You hear this often traveling through the highlands of Guatemala. Literally this translates to “is there happiness in your heart?”
What language is this you may ask?
It doesn’t look like Spanish or any other European language.
It is Q’eqchi’ a Mayan language used in the highlands of Guatemala.
The people who speak this language are decedents of the native pre-Columbian (before Columbus) inhabitants of the region. The pre-Columbian Mayans built temples such as the ones at Tikal (shown in the picture above).
In 1523 the Spanish arrived in Guatemala and over a number of years gained control of the region.
The Europeans brought with them Christianity, a faith that was adopted by most of the inhabitants of Central America. However, don’t think for a minute that traditional beliefs completely disappeared.

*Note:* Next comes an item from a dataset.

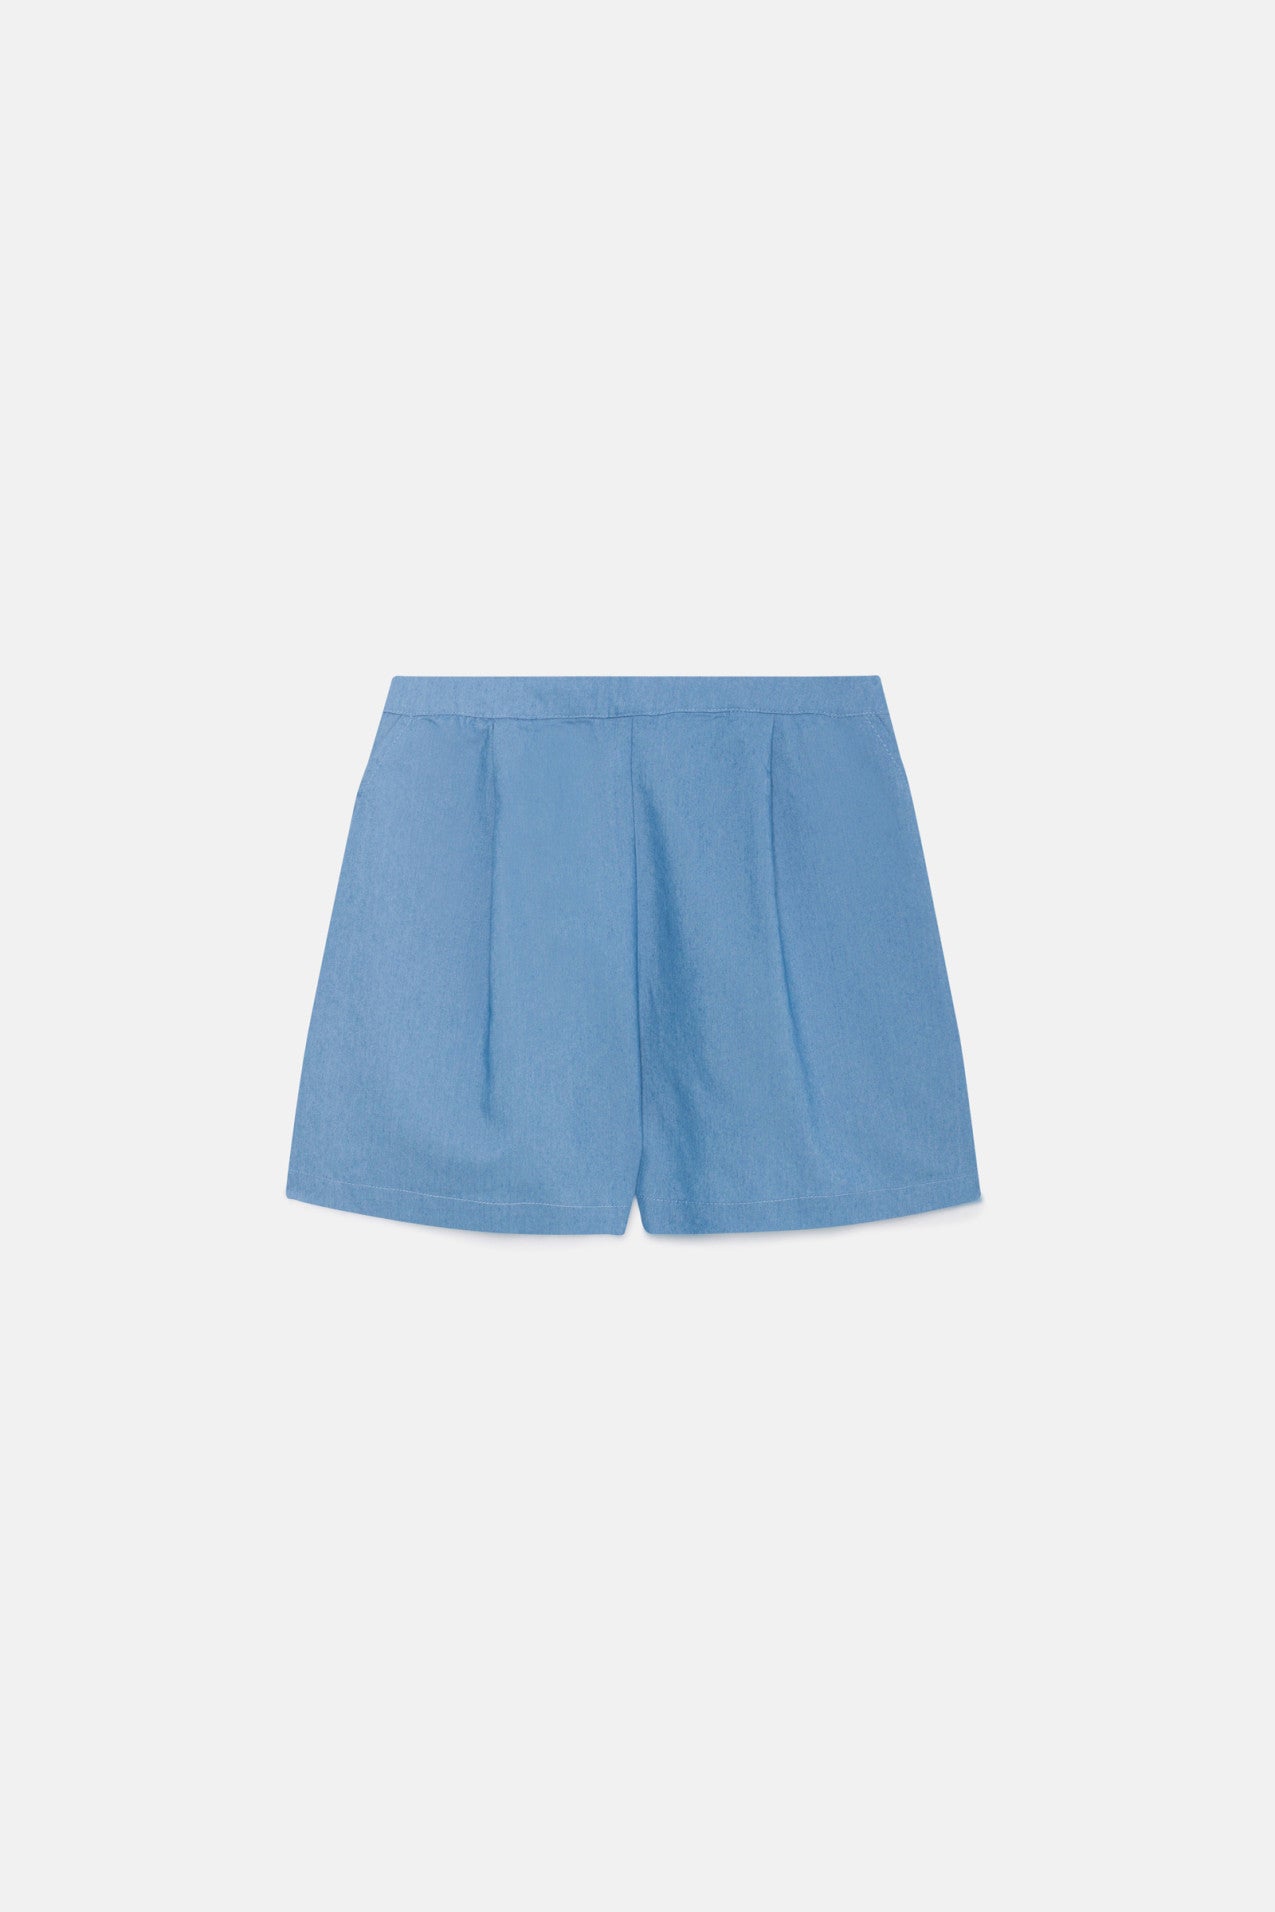 Blue mid-rise denim shorts

It is common on feast days for a procession to begin at the Church of San Lorenzo with a mass for Christ the Sun God and his mother the Moon Goddess, and then proceed to a nearby hill for the veneration of ancestors and Maya gods,
writes Angela M.H. Schuster for Archeology.

I witnessed the Mayan woman above practicing one of these traditional rituals.
During my travels through the countryside of Guatemala I was surprised to find an ancient native pre-Columbian culture very much alive.
As I discovered, Guatemala is a land of incredible beauties both natural (check out the volcanoes here) and cultural. It is a country which definitely left me with “happiness in my heart”.